Pete's Expert Summary
My Human has presented me with what appears to be a large, immobile brown beast from a company called GUND, which they seem to think impresses me. It's a "Mr. Snuffleupagus," apparently some sort of celebrity among the small, loud humans. It boasts of its shaggy fur and impressive size, features I've already perfected myself. While its static nature is an immediate mark against it—it won't be leading me on any thrilling chases—the promise of "premium, super-soft" material is intriguing. It might make for a decent wrestling partner to practice my bunny-kicks on, or, failing that, a sufficiently plush secondary napping pillow. Its worthiness will be determined by its texture and its ability to withstand a thorough quality inspection by claw and tooth.
Key Features
- SESAME STREET SNUFFLEUPAGUS PLUSH: This adorable 16” plush features Mr. Snuffleupagus with impressive details, including embroidered eyes with his long eyelashes, smiling mouth, and Snuffy’s super-soft, slightly shaggy brown plush fur.

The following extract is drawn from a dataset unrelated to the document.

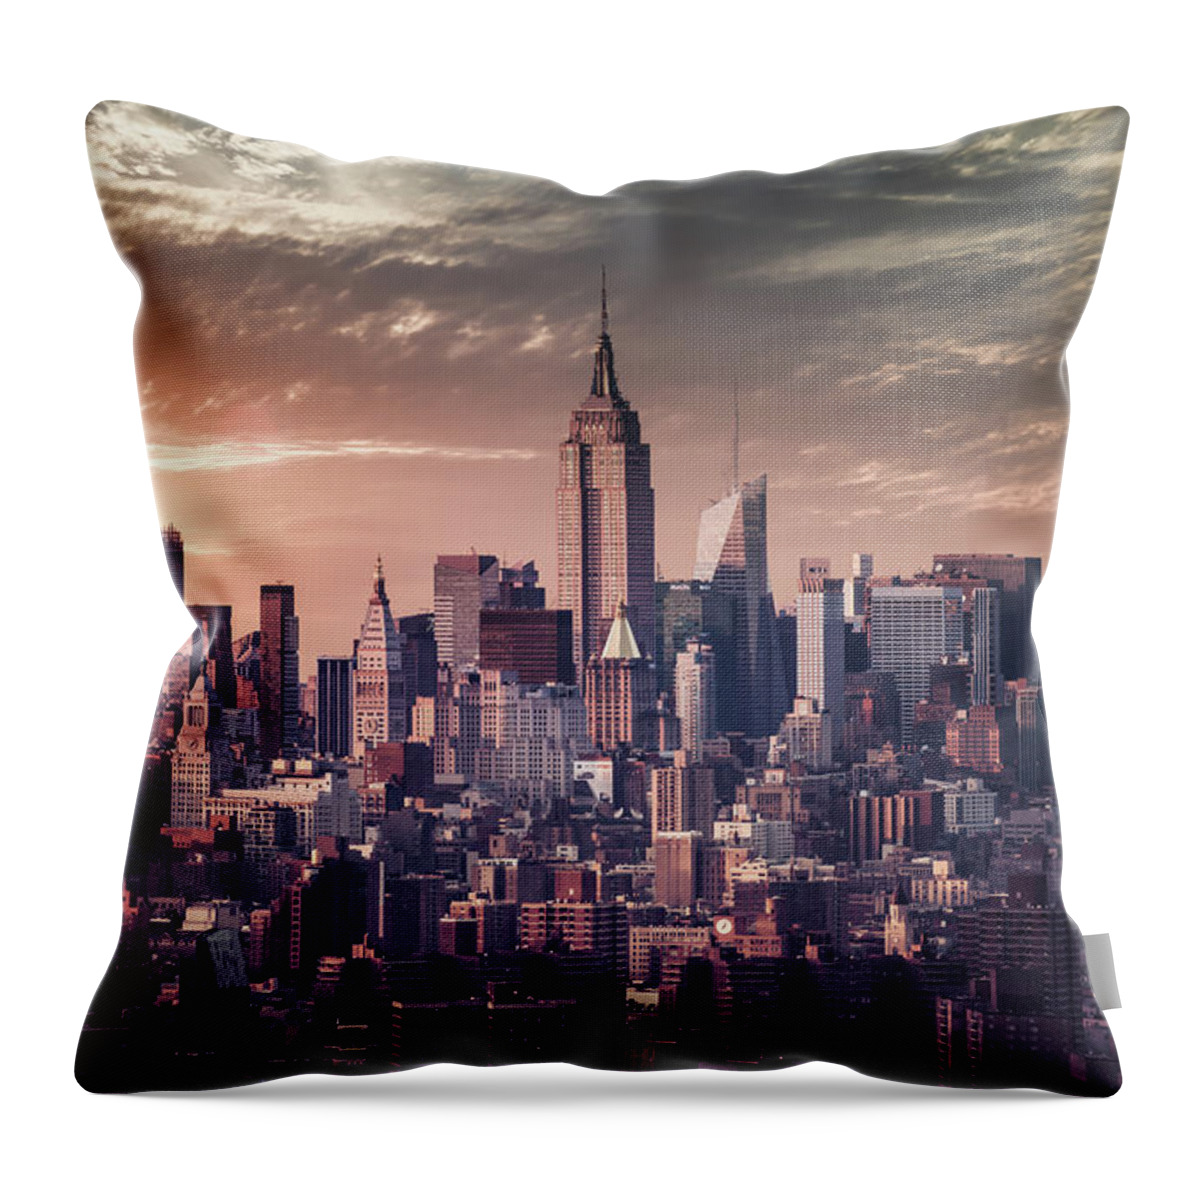 Outdoors Throw Pillow featuring the photograph Concrete Paradise by Aleks Ivic Visuals

- SOFT & HUGGABLE: This adorable Sesame Street plush toy features surface-washable construction for easy cleaning and is made from a soft, premium material that meets our famous GUND quality standards. Appropriate for ages 1 and up.
- GIFTS FOR KIDS AND COLLECTORS: Our plush toys, dolls, teddy bears and stuffed animals make impressive birthday gifts, stocking stuffers, and more Our vast collection of Sesame Street toys and characters is great for fans and collectors of all ages
- QUALITY CUDDLES: Our award-winning bears and toys appeal to animal lovers everywhere, known for their unmatched quality and huggable designs. From toddler toys to adults of all ages, GUND plush is perfect for play, collecting and cuddling.
- PREMIER PLUSH: As one of America’s oldest teddy bear makers, GUND has crafted unique and classic stuffed animals and soft toys for 125 years. To this day, we proudly carry this legacy and stand by our toys, known worldwide for quality and innovation.
- Includes: I GUND Sesame Street Snuffleupagus Plush, Poly Bag
- Covered by the Spin Master Care Commitment. See below for full details
A Tale from Pete the Cat
The artifact arrived shrouded in a crinkly, transparent skin, which the Human peeled away with far too much ceremony. It was an idol, clearly. A relic from some forgotten, furry civilization, exhumed and placed in the center of my living room floor. It was a great, brown, woolly thing with a placid smile and long, almost flirtatious eyelashes stitched above vacant eyes. It smelled of nothing but the factory it was born in and the faint, hopeful scent of the Human's hands. It did not move. It did not blink. It simply sat there, a silent challenge to my sovereignty. I began my reconnaissance, circling the idol at a safe distance. It was large, I’d give it that. Substantial. A proper landmass on the sea of hardwood floor. The Human cooed something about "Snuffy" and "quality cuddles," nonsense words that meant nothing to me. I ignored the commentary and moved in for a tactile analysis. I extended a single, cautious paw, claws sheathed, and pressed against its flank. The fur gave way with a satisfying plushness. The shaggy texture was novel, a departure from the sleek surfaces I usually grace with my presence. This GUND civilization, I noted, understood textiles. My investigation deepened. This was no longer just a visual and tactile assessment; it was a structural stress test. I launched myself at the idol, wrapping my front paws around its strange, trunk-like appendage and unleashing a furious barrage of bunny-kicks with my powerful hind legs. I was a tempest of gray and white fury against a mountain of brown shag. The idol absorbed every blow, its stitched smile never faltering. Its seams held. Its stuffing did not yield. It was a worthy, if passive, adversary. Exhausted from my rigorous testing, I ceased my assault. The idol remained, unbowed and impressively intact. My work was done. The artifact had been vetted. It was not a rival, nor was it mere decoration. It was a "slumber-mammoth," a vast, soft territory whose primary function was to be a large, warm, scent-absorbing companion for my naps. I claimed it, not with a flag, but with a deep, rumbling purr and a proprietary curl against its shaggy flank. The Human may have bought it, but this ancient beast now belonged to the museum of Me.